«Едва ли у какого поэта всеохватывающее желание слиться
с природой, раствориться в ней до потери личности, до
небытия получало более яркое и настойчивое выражение,
чем у Тютчева.
Игра и жертва жизни частной,
Приди ж, отвергни чувств обман
И ринься, бодрый, самовластный,
В сей животворный океан.
Приди — струей его эфирной
Омой страдальческую грудь
И жизни божески — всемирной
Хотя на миг причастен будь.
На миг, — это не случайно. Только на миг можно испытать
это совершенно неопределимое чувство.
Мотылька полет незримый
Слышен в воздухе ночном...
Час тоски невыразимой.
Все во мне — и я во всем.
И поэт с напряженным прозрением находит подходящие формы
для уяснения этого состояния:
Сумрак тихий, сумрак сонный.
Лейся в глубь моей души,
Тихий, томный, благовонный,
Все залей и утиши.
Чувства мглой самозабвенья
Переполни через край,
Дай вкусить уничтоженья,
С миром дремлющим смешай...
Так проникнуться физическим самоощущением, чтобы
почувствовать себя неотделимою частью природы, — вот что
удавалось Тютчеву более, чем кому-либо. Этим чувством и
питаются его замечательные «описания» природы, или,
вернее, ее отражений в душе поэта. Среди его
произведений они довольно многочисленны и между ними
есть стихотворения различной ценности; но несколько
образцов среди них — и не из самых известных — могут
стать наравне с наивысшими образцами лирического
воспроизведения природы. Напомним лишь немногие
стихотворения, знакомые всякому с детства по мертвящим
страницам хрестоматии и лишь много позже воскрешаемые
самостоятельной душевной жизнью, наполняющею их живым
содержанием лично пережитого: «Весенняя гроза» («Люблю
грозу в начале мая»), «Весенние воды» («Еще в полях
белеет снег»), «Не остывшая от зною», «Тихой ночью,
поздним летом». Но менее известны, хотя столь же
своеобразны, его картины осеннего настроения или хотя бы
этот «Полдень»:
Лениво дышет полдень мглистый,
Лениво катится река,
И в тверди пламенной и чистой
Лениво тают облака.
И всю природу, как туман,
Дремота жаркая об’емлет,
И сам теперь великий пан
В пещере нимф спокойно дремлет.
Элементарная простота этого стихотворения сообщает ему
действие безотносительно-стихийное. Читателя вслед за
поэтом охватывает это бездеятельное, насквозь физическое
— даже не настроение — состояние. Поэт как бы добился
своего: «вкусил уничтожения» своей личности, «смешался с
дремлющим миром», подобно льдине, еще недавно
своеобразно индивидуальной, потерял свою
индивидуальность в весенних водах.
Это последнее сравнение взято из стихотворения Тютчева,
которое показывает, что это ощущение потери личности
было для него не только блаженным физическим состоянием,
но имело связь с одним из основных элементов его
мировоззрения: с взглядом на человеческую личность.

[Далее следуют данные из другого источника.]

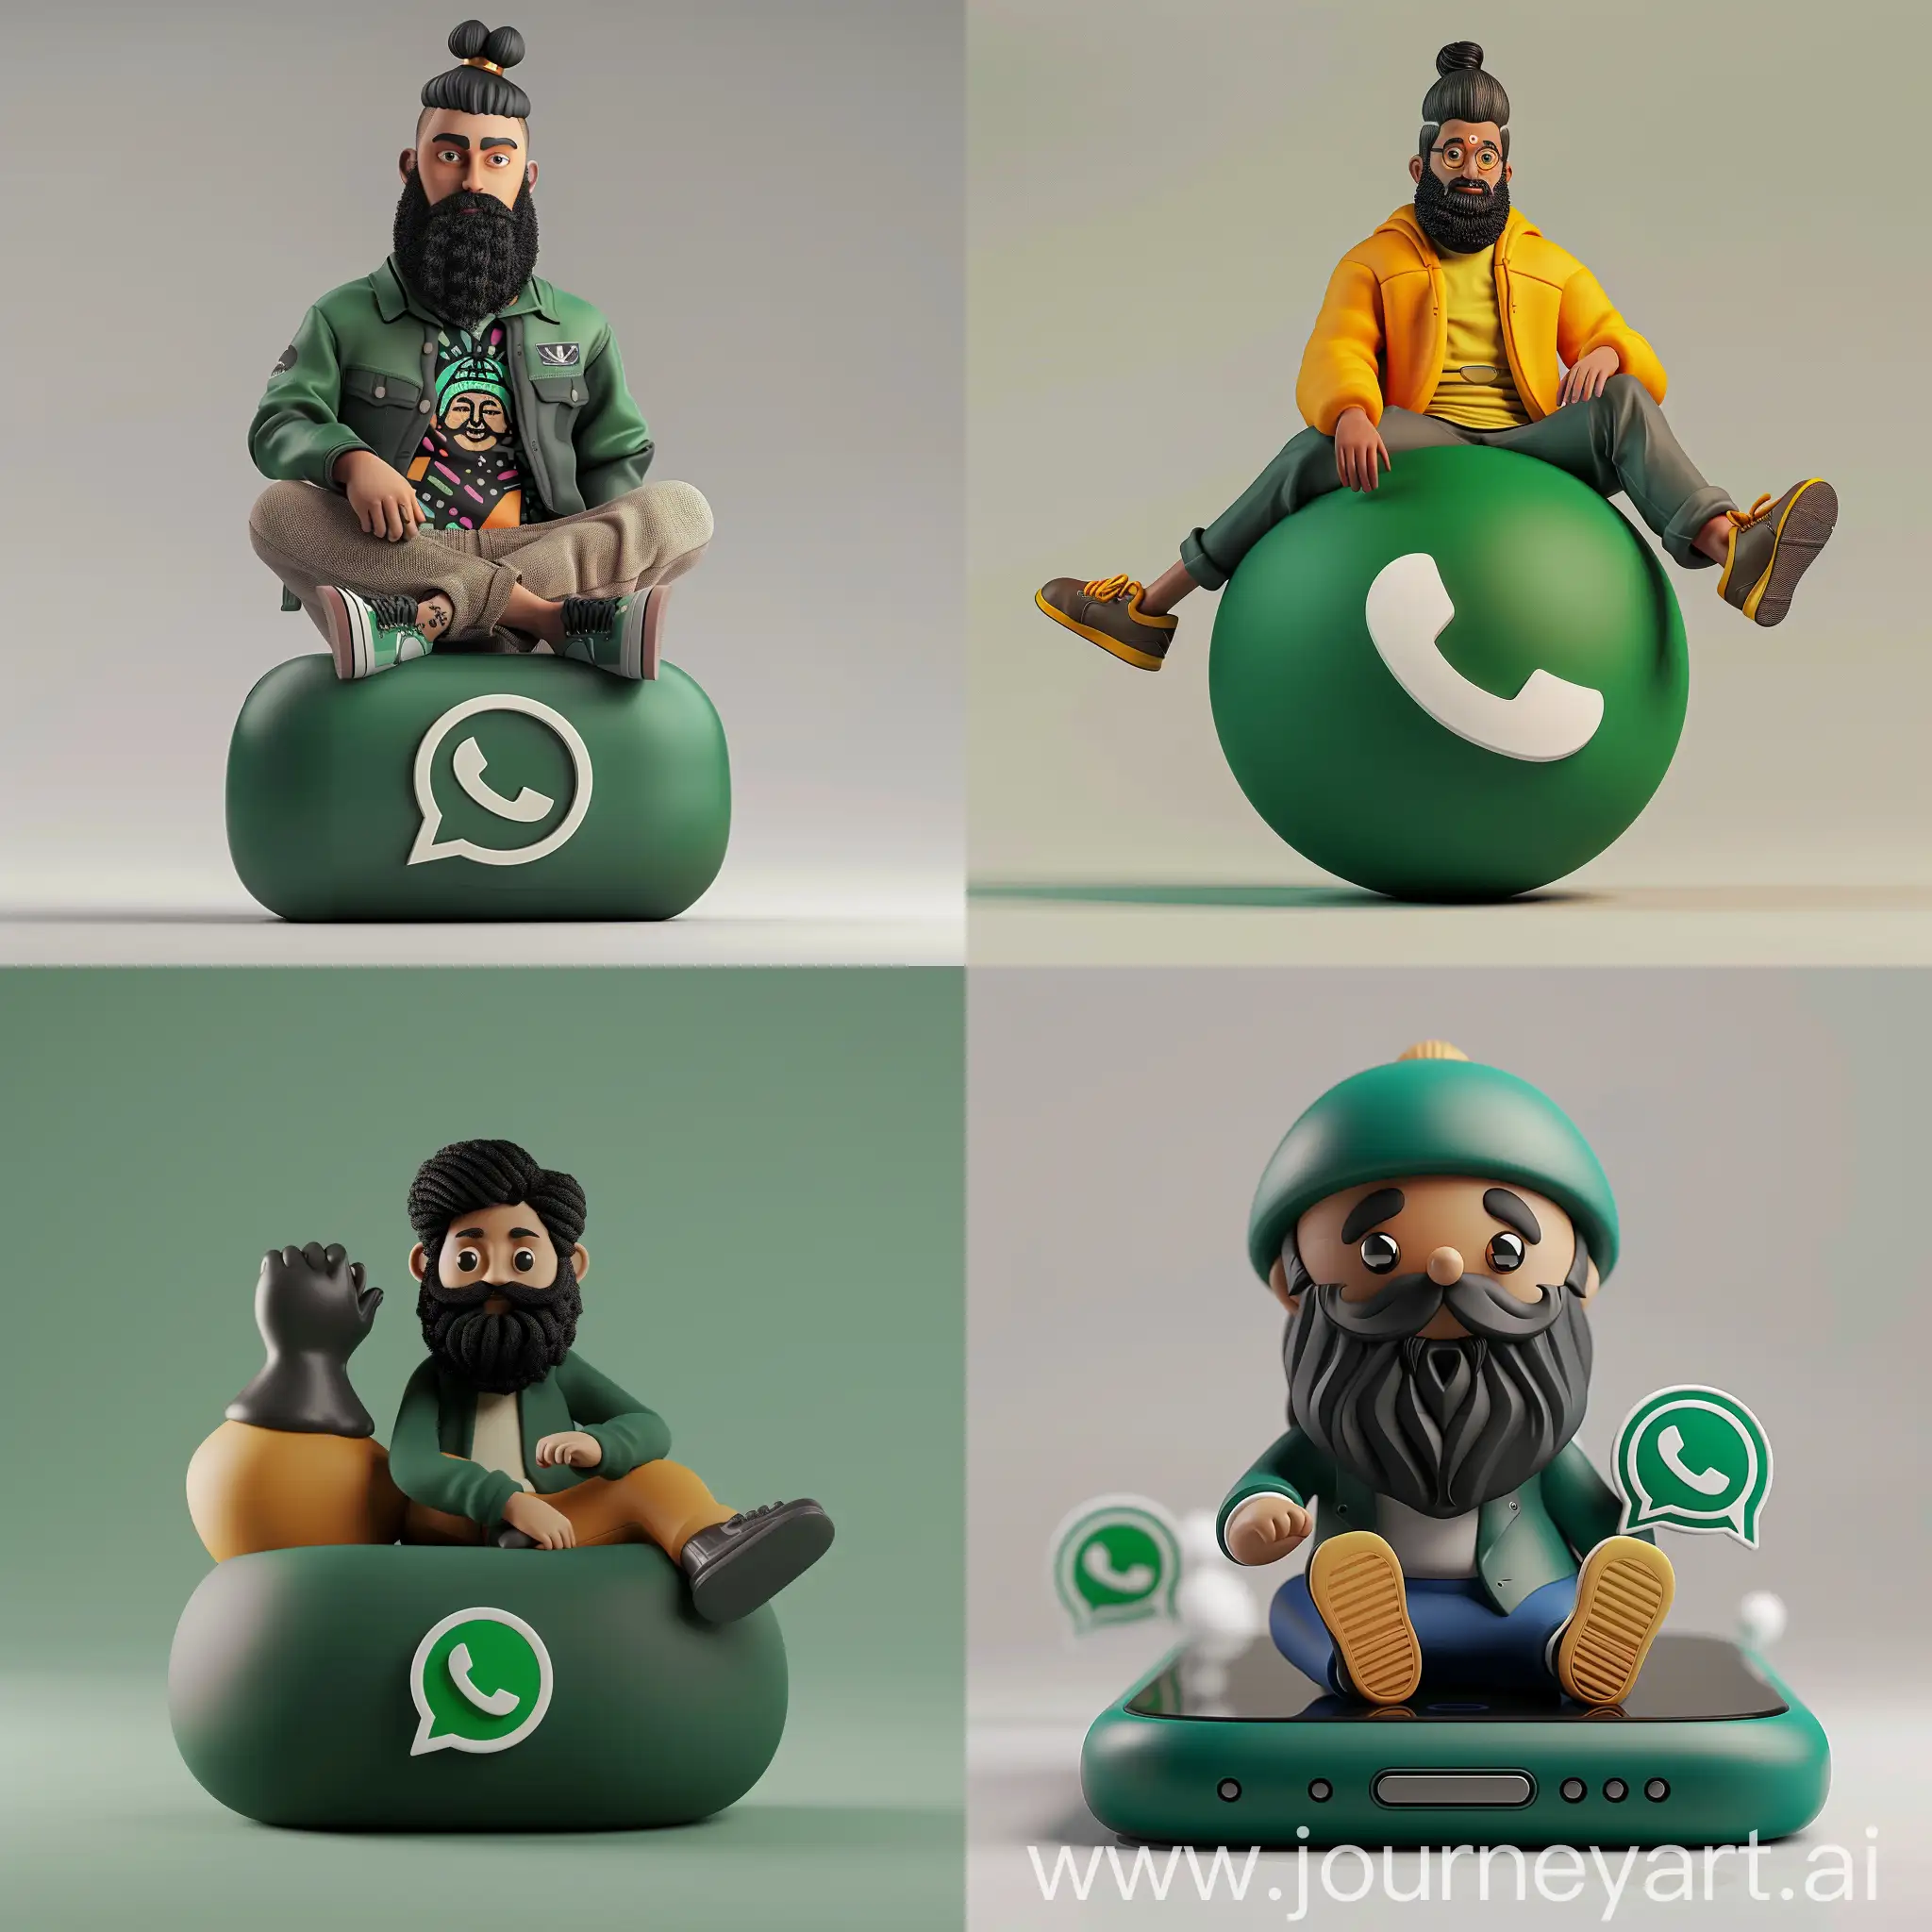 Modern-Indian-Man-Sitting-on-WhatsApp-Logo-in-Profile-Mockup

Исследование, еще не произведенное, выяснит связь этого
воззрения Тютчева с ходячими учениями немецкой
философии, популярными в эпоху его пребывания за
границей, знаменательно, например, знакомство с
Шеллингом. Во всяком случае стихотворение это, которое,
несмотря на обилие панегирических эпитетов в нашей
характеристике, должно назвать замечательным, дает ясное
представление о воззрении поэта на сущность
индивидуальности и, быть может, даже должно считаться
ключом к его философии. По склону речных вод, вновь
оживших весною, плывут друг за другом льдины; они
кажутся разнообразными; одни блистают радужно на солнце,
другие проходят мимо нас в ночной темноте. Но судьба их
одна:
Все вместе — малые, большие,
Утратив прежний образ свой,
Все безразличны, как стихия,
Сольются с бездной роковой...
Вот что было для Тютчева образом человеческой личности:
О, нашей мысли, обольщенье
Ты — человеческое я.
Не таково ль твое значенье,
Не такова ль судьба твоя?
Ограниченности личности соответствует, конечно,
ограниченность главного и могучего орудия, которым она
стремится выйти за свои пределы, — человеческой мысли.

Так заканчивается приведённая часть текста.